> _The data_:

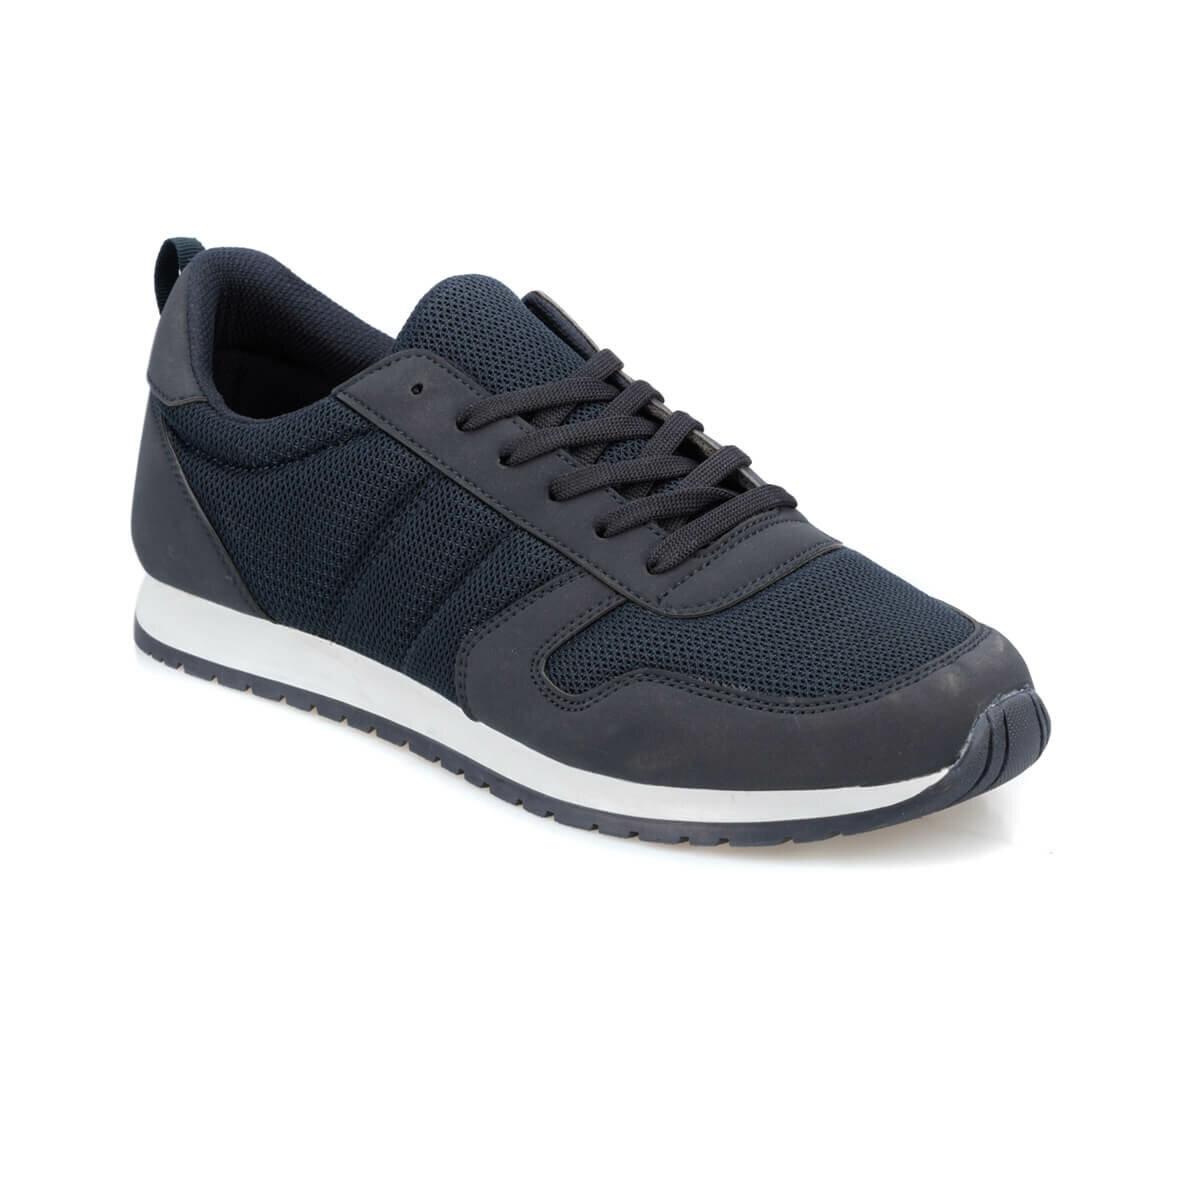 FLO Men Shoes Sneakers Summer Breathable Shoes Super Light Casual Shoes Male Tenis Masculino Sneakers Men Sports Shoes Polaris 91. 356062.M
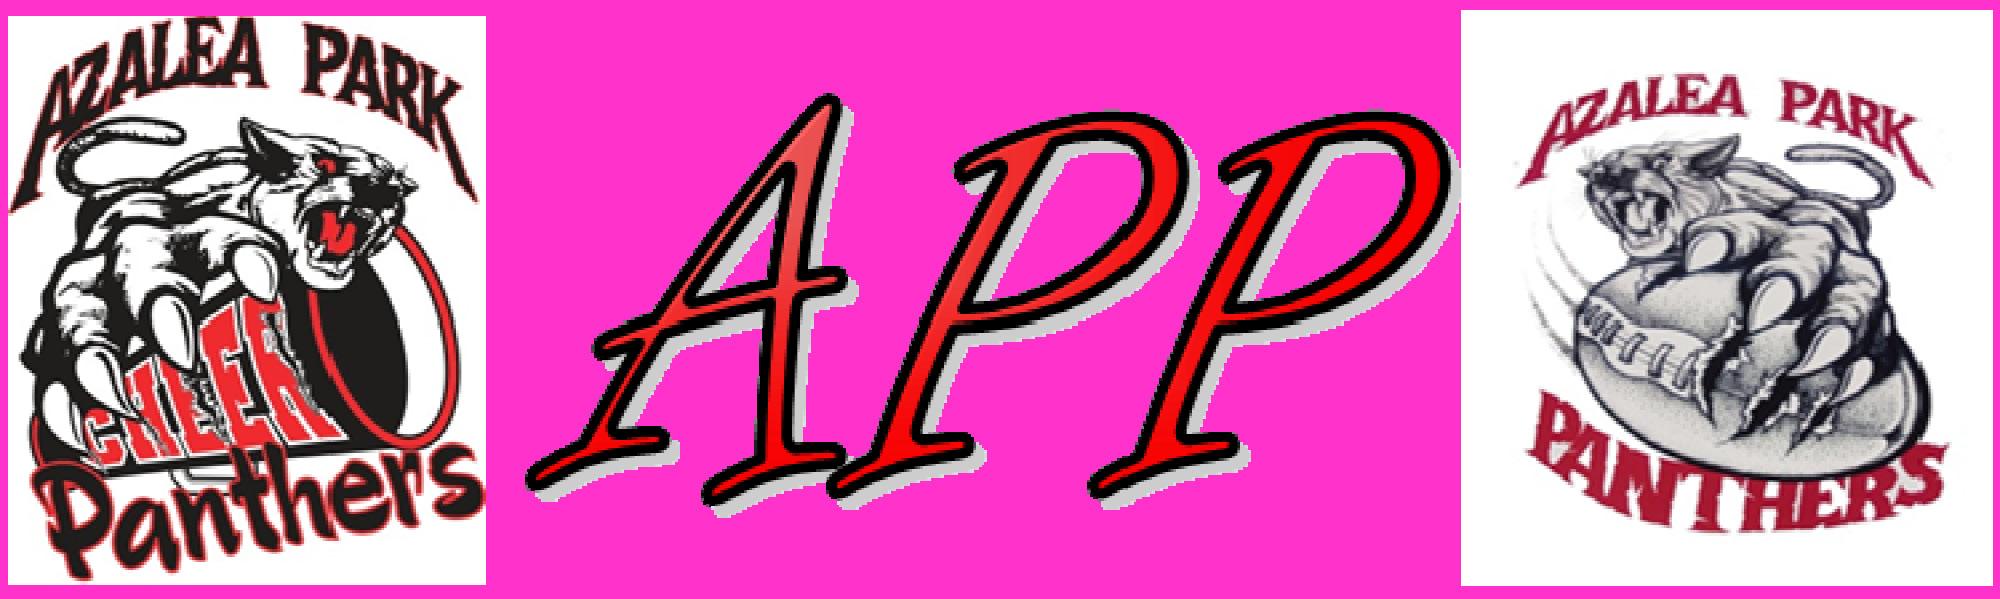 2014 Updated logo PINK BG
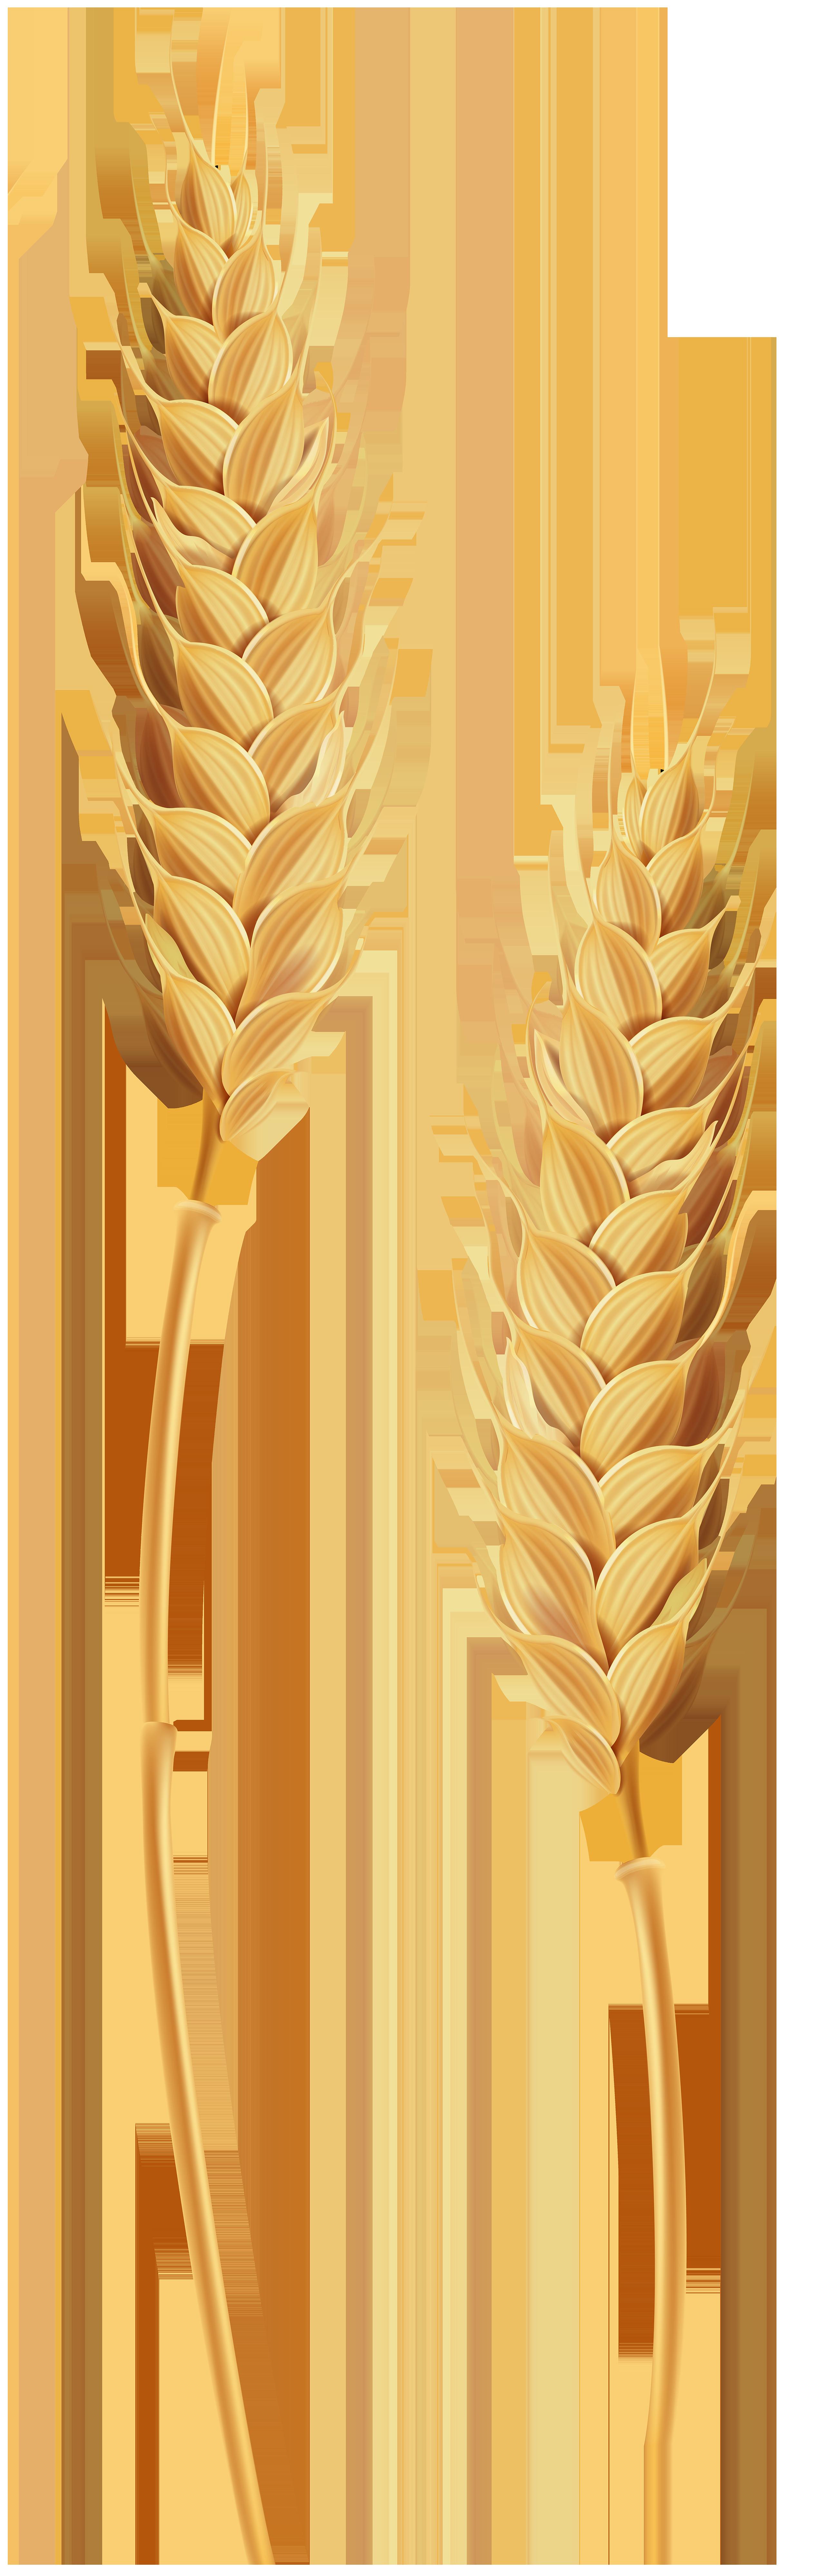 Wheat clipart transparent background. Stalks clip art image
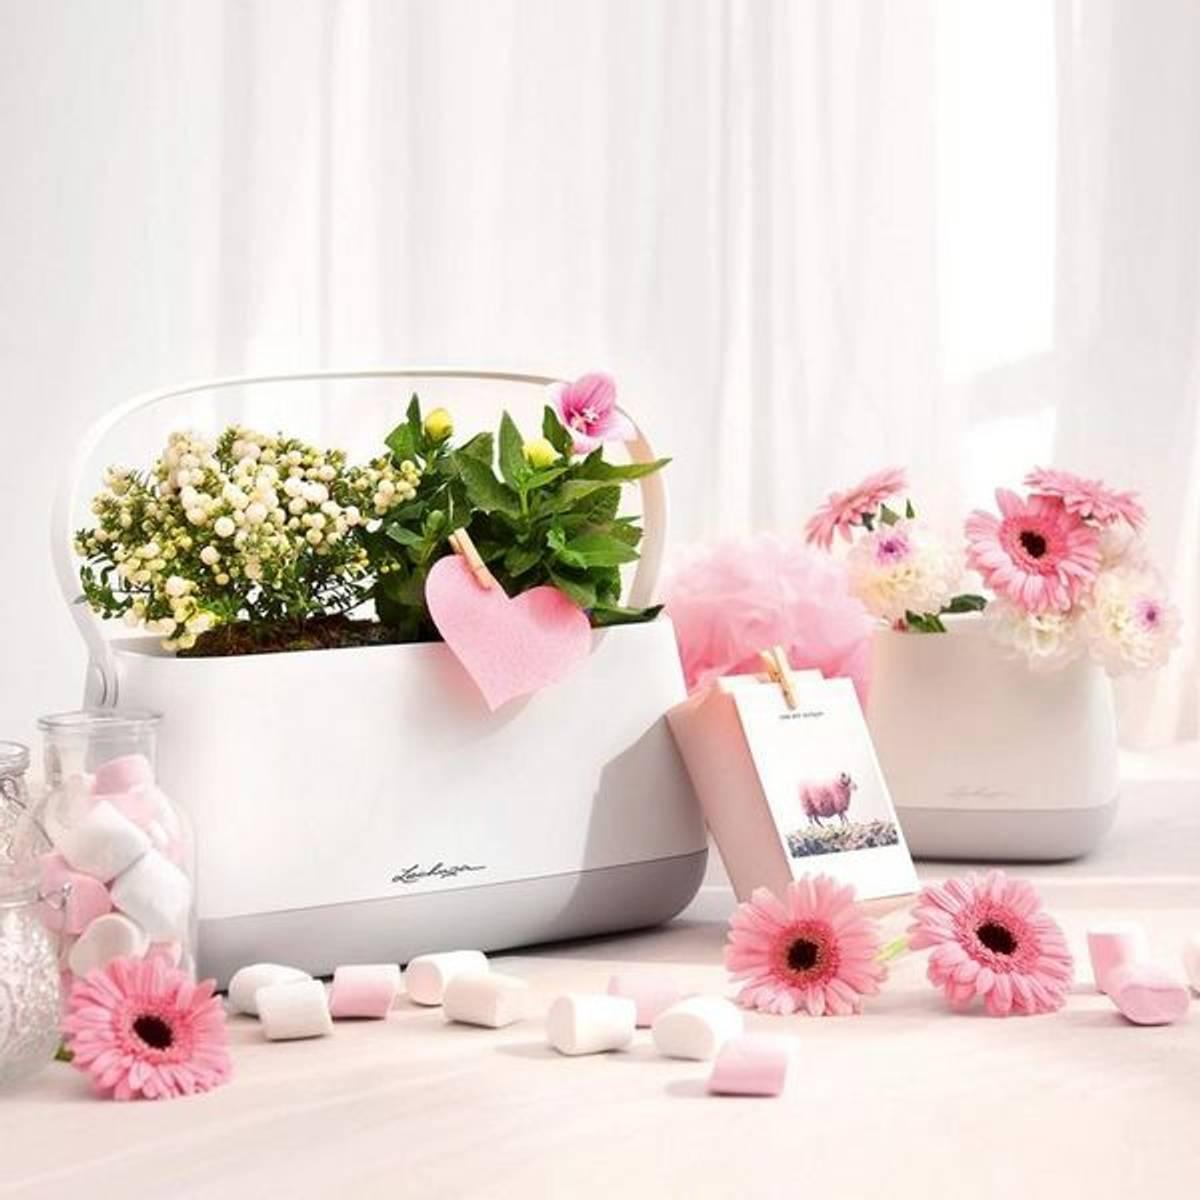 YULA Plant Bag 'White/Pearl Rose' Lechuza blomsterkasse

> _What to do_:
Return exactly the lines from the line with "2014 Updated logo PINK BG" through the last line of the data above, both included; pictures do not go in the answer.

> _Result below_:
 2014 Updated logo PINK BG
 Wheat clipart transparent background. Stalks clip art image
 YULA Plant Bag 'White/Pearl Rose' Lechuza blomsterkasse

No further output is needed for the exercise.